WHAT IS BEING ASKED:
Some of the lines below need repeating. Reproduce exactly those between the lines holding "På Österängsskolan var" and "Pet Carrier Pet", inclusive.

EXERCISE INPUTS:

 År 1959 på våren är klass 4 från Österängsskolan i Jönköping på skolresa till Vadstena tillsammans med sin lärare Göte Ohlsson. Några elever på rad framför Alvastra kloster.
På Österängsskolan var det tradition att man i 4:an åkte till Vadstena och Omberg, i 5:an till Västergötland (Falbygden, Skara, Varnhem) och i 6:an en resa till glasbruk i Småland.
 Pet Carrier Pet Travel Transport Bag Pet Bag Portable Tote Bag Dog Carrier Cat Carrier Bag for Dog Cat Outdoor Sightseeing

...

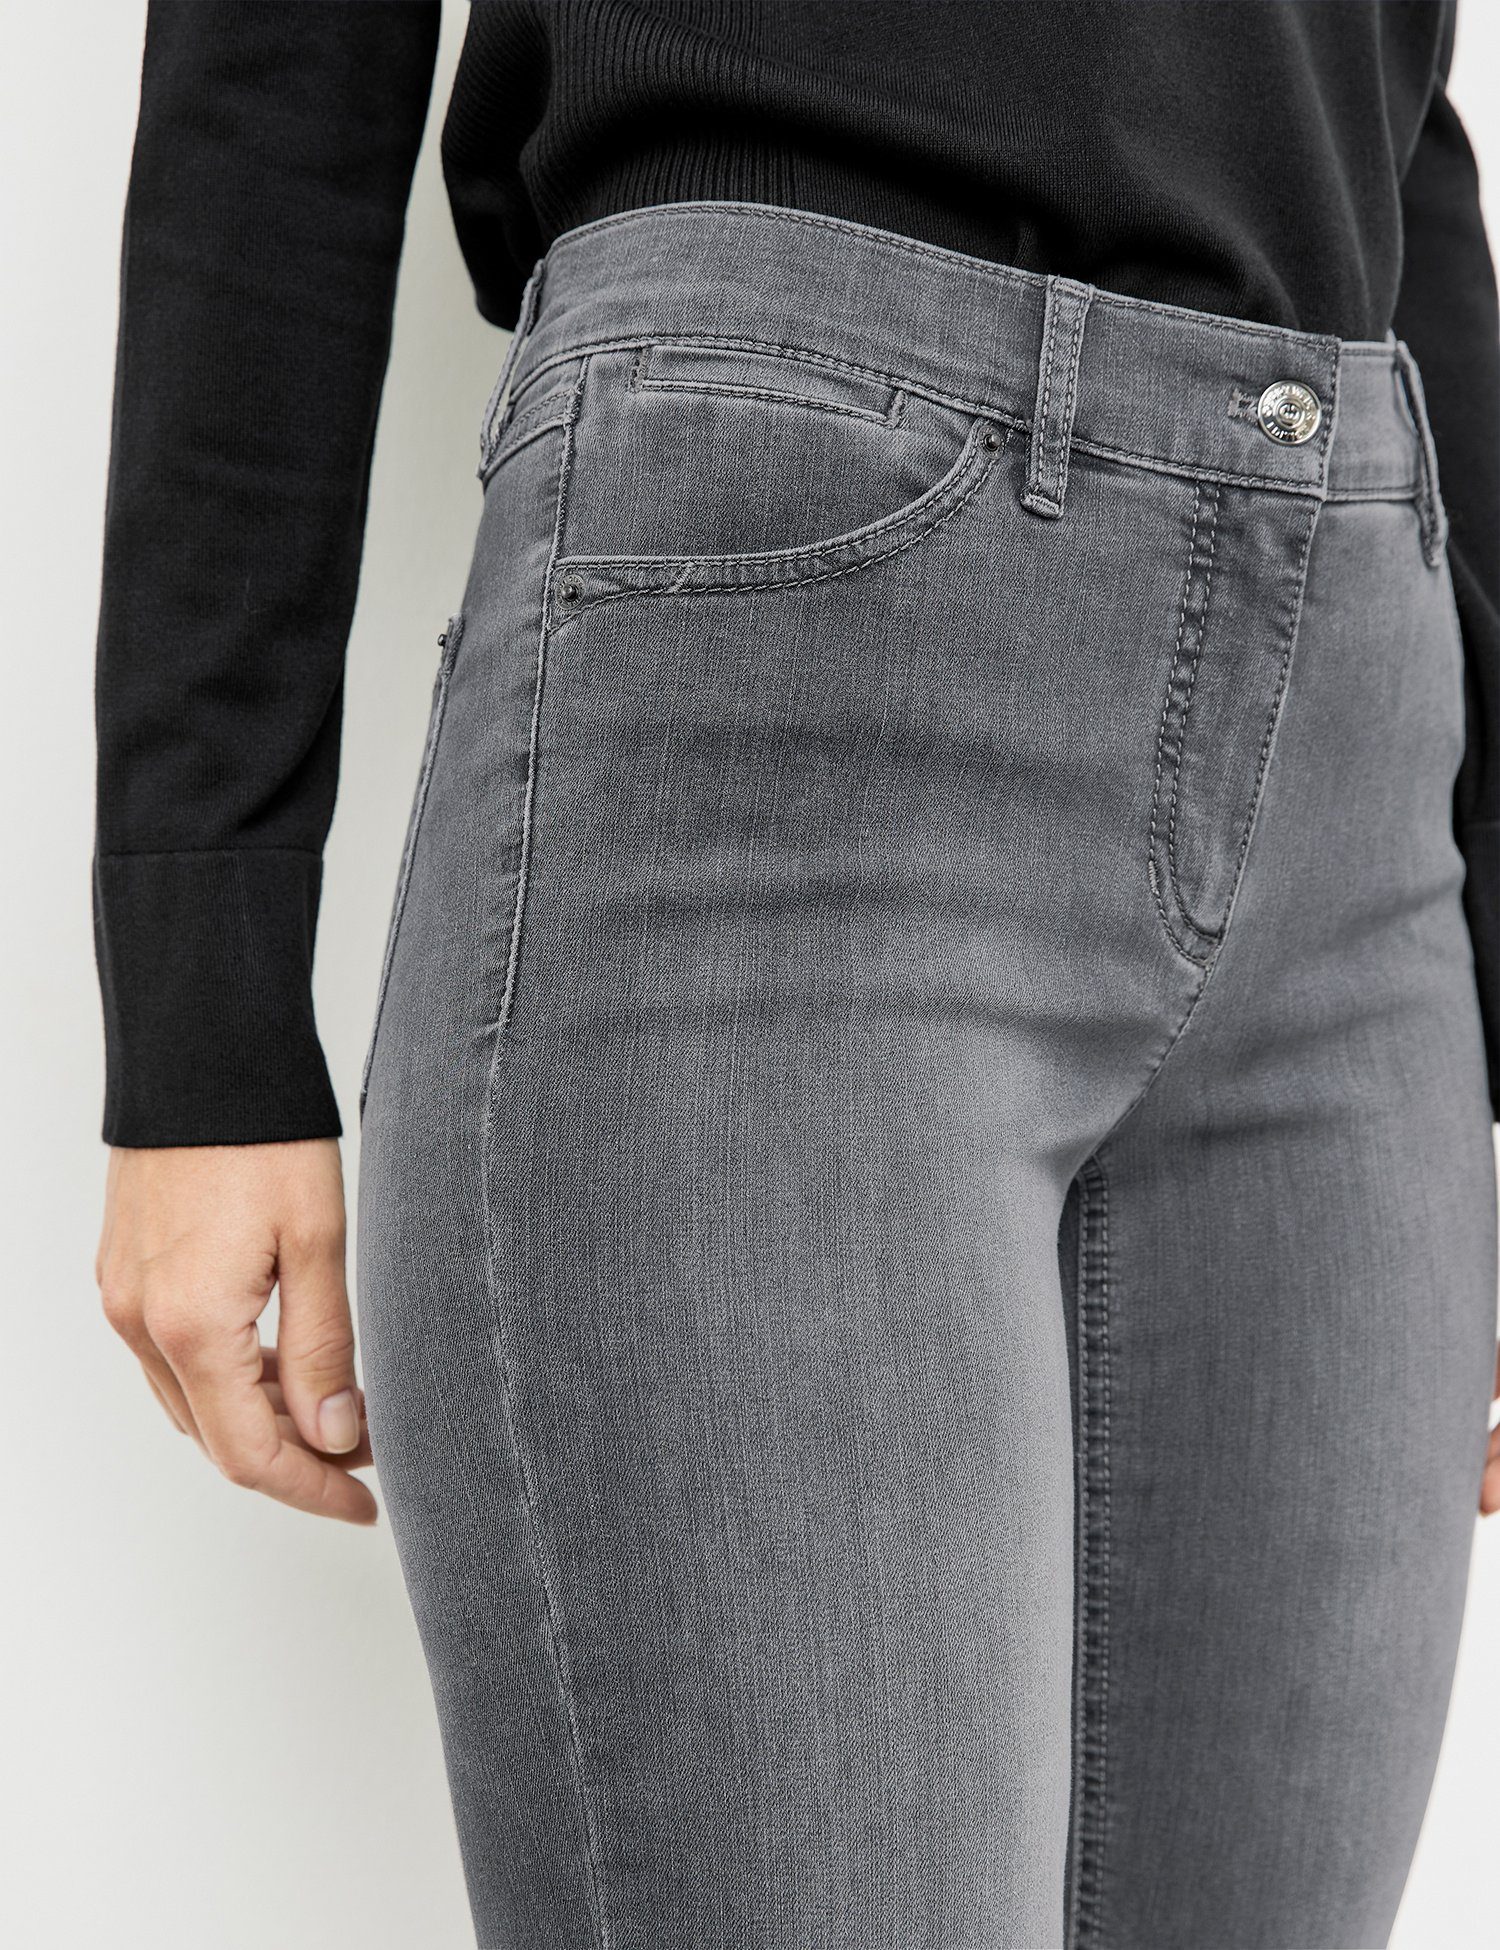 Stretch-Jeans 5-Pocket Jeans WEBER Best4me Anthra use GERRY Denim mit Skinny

RESPONSE:
På Österängsskolan var det tradition att man i 4:an åkte till Vadstena och Omberg, i 5:an till Västergötland (Falbygden, Skara, Varnhem) och i 6:an en resa till glasbruk i Småland.
 Pet Carrier Pet Travel Transport Bag Pet Bag Portable Tote Bag Dog Carrier Cat Carrier Bag for Dog Cat Outdoor Sightseeing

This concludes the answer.